> [Problem description]: The data must be reproduced verbatim; images are to be omitted.

··· Data

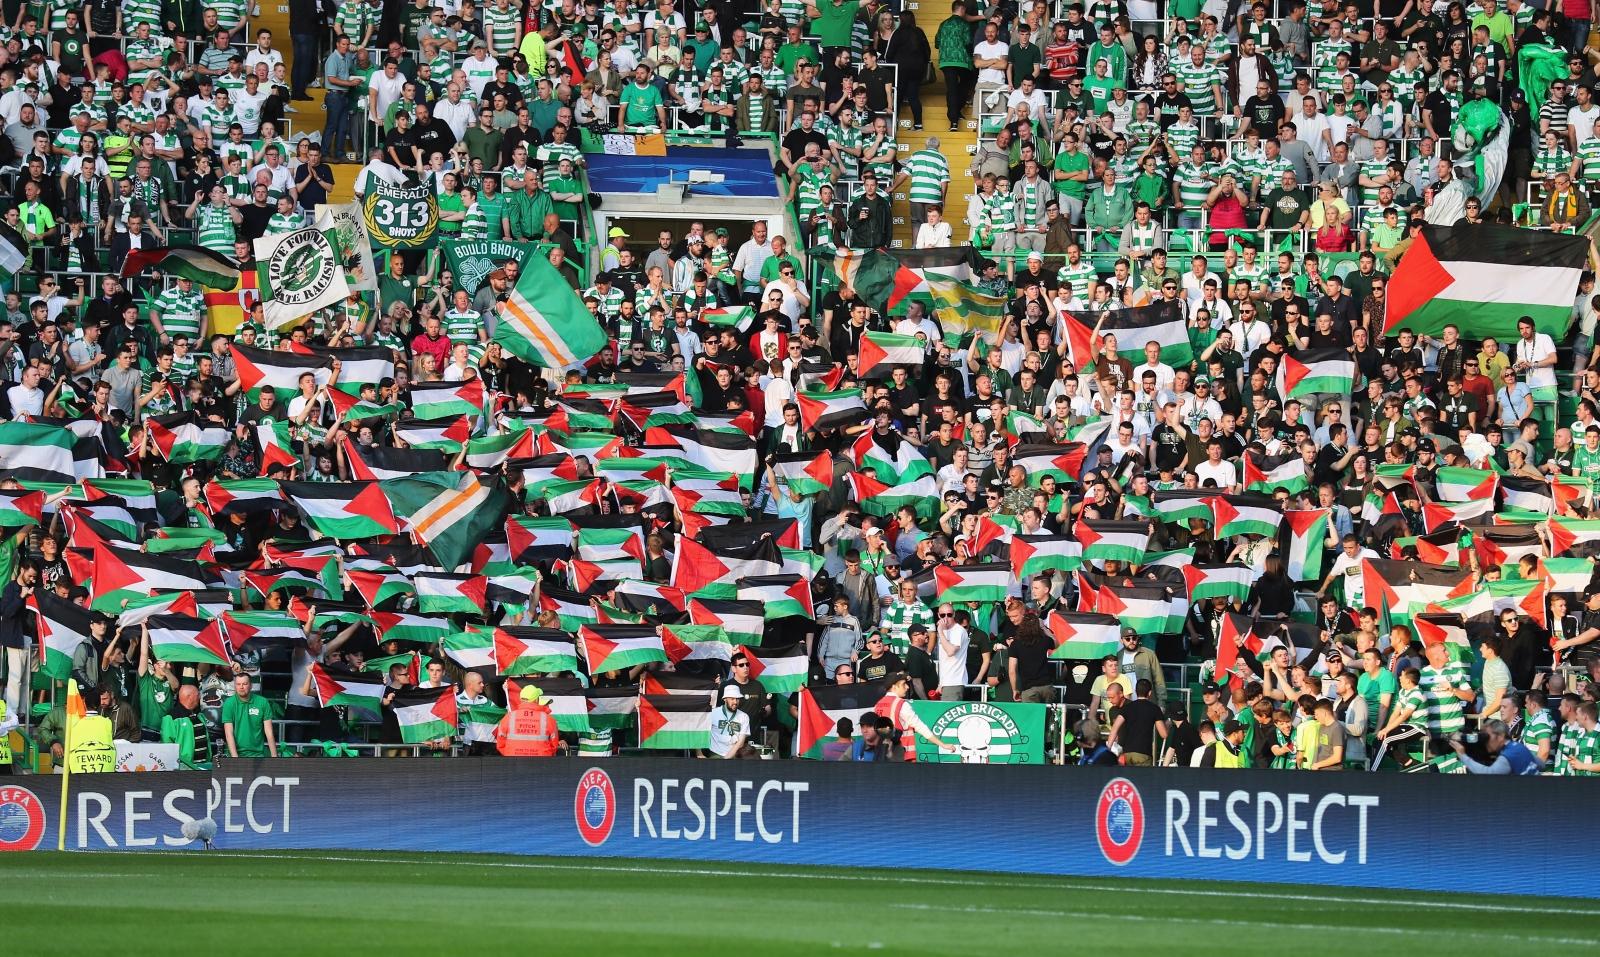 Celtic fans face fine after Palestine flags
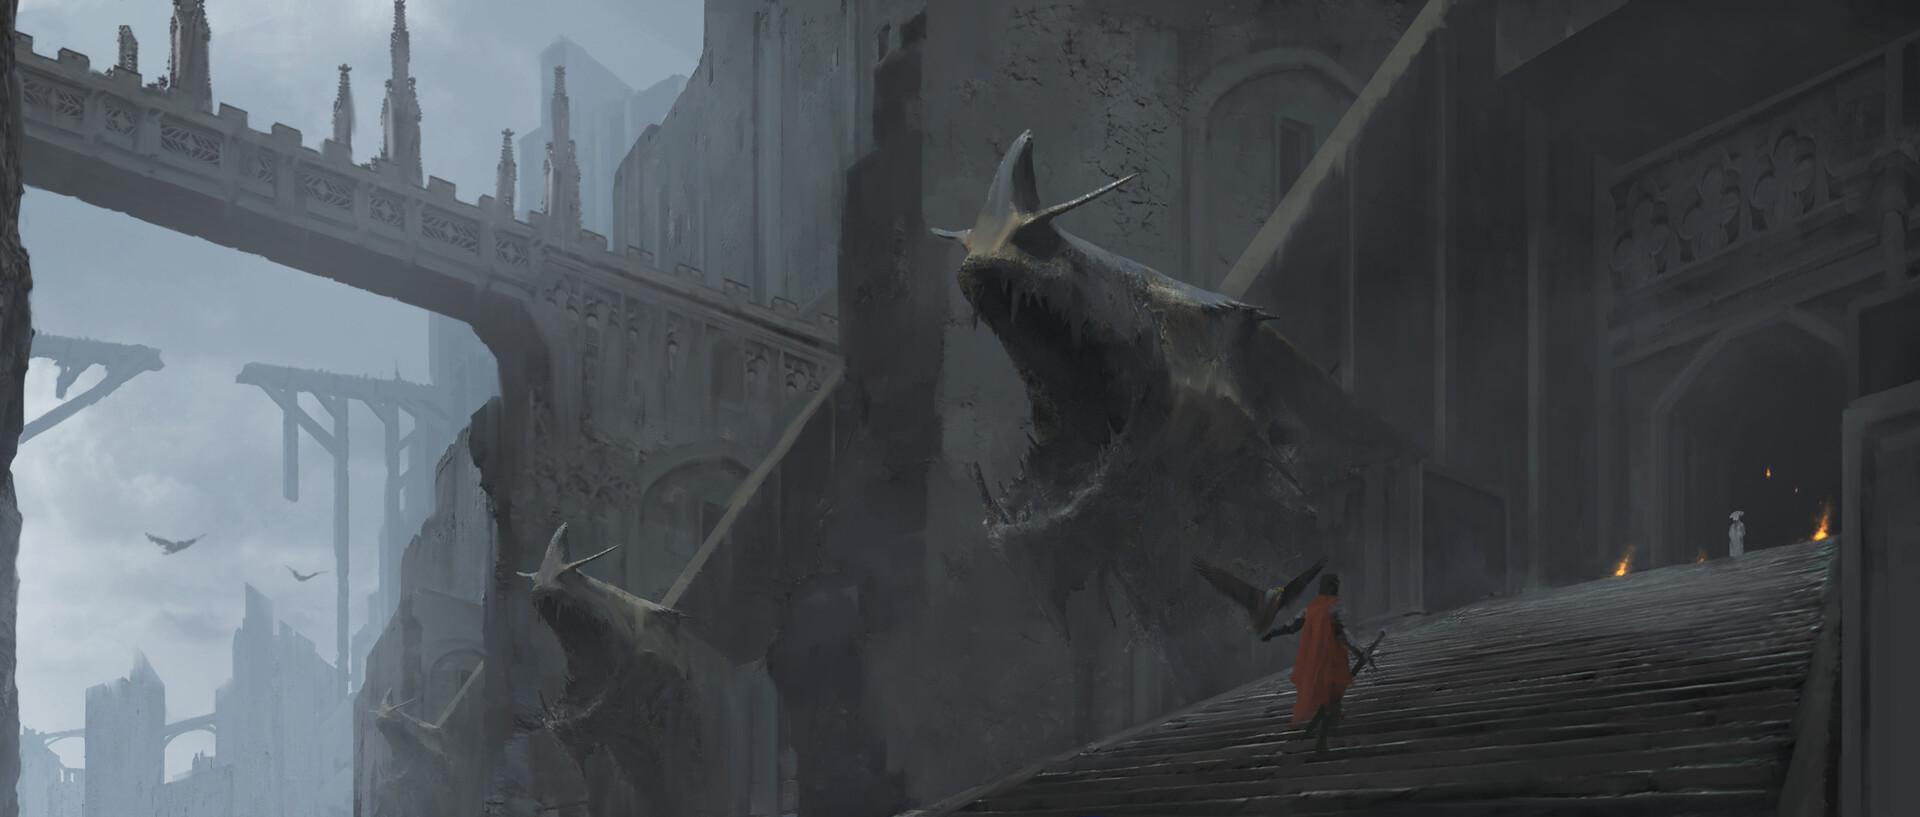 Rostyslav zagornov dragonscastle
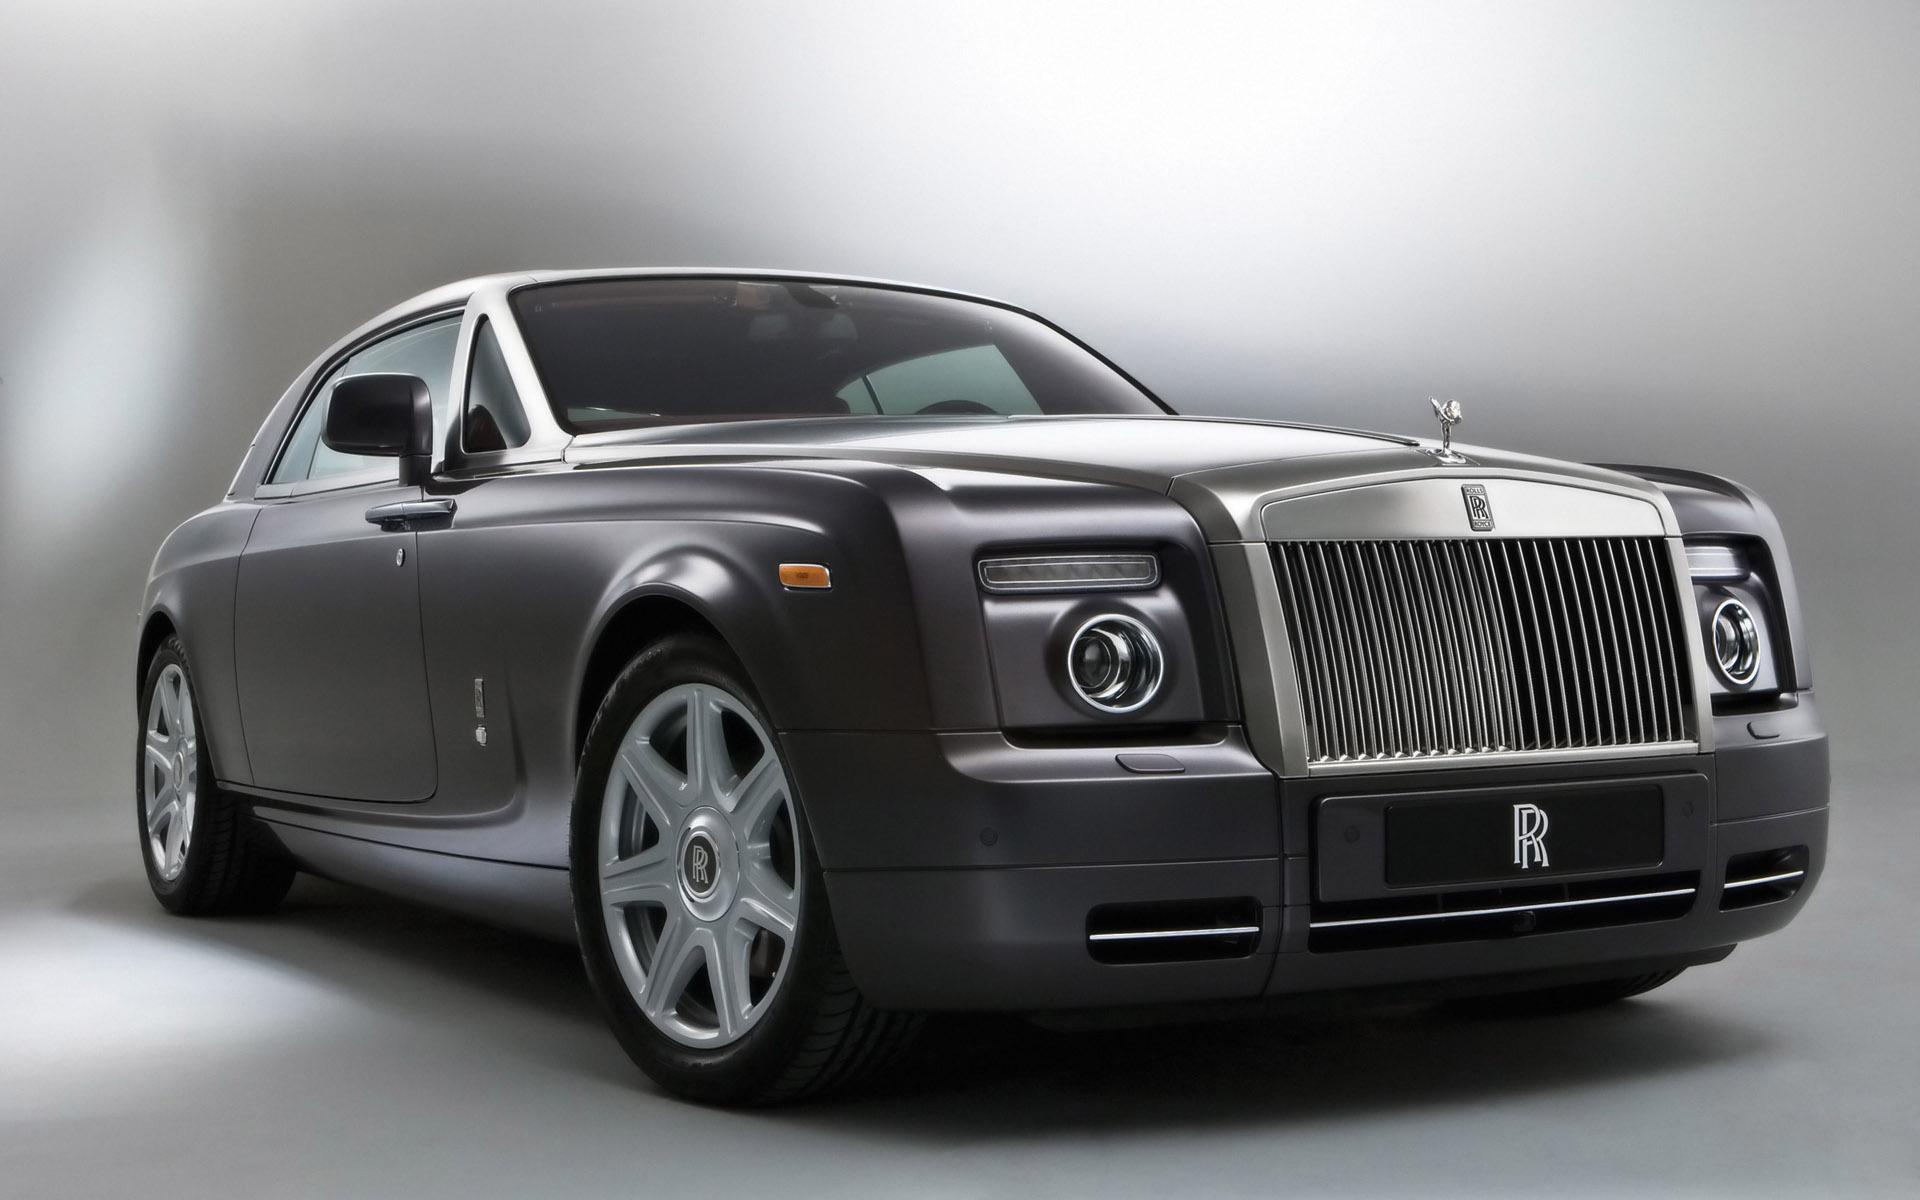 HD Wallpapers Rolls Royce
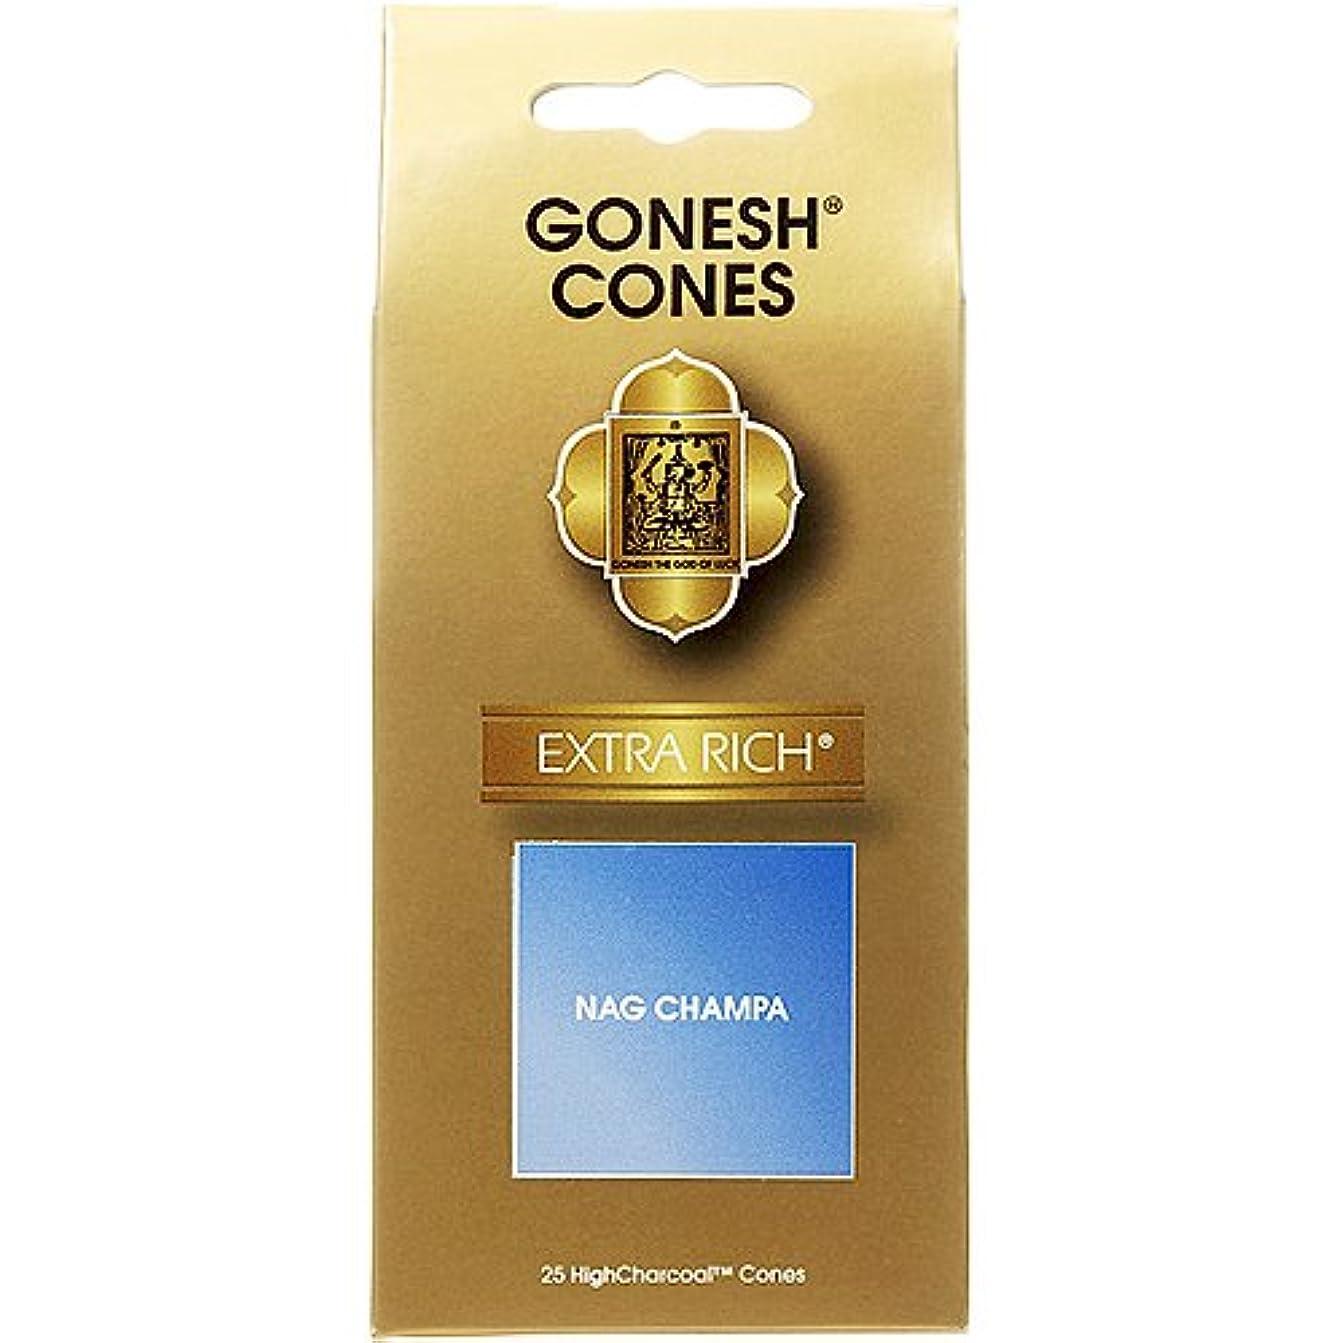 診断するチャンス廊下ガーネッシュ(GONESH) エクストラリッチ インセンス コーン ナグチャンパ 25ヶ入

······

> [Answer]:
 Celtic fans face fine after Palestine flags
 Rostyslav zagornov dragonscastle
 HD Wallpapers Rolls Royce
 診断するチャンス廊下ガーネッシュ(GONESH) エクストラリッチ インセンス コーン ナグチャンパ 25ヶ入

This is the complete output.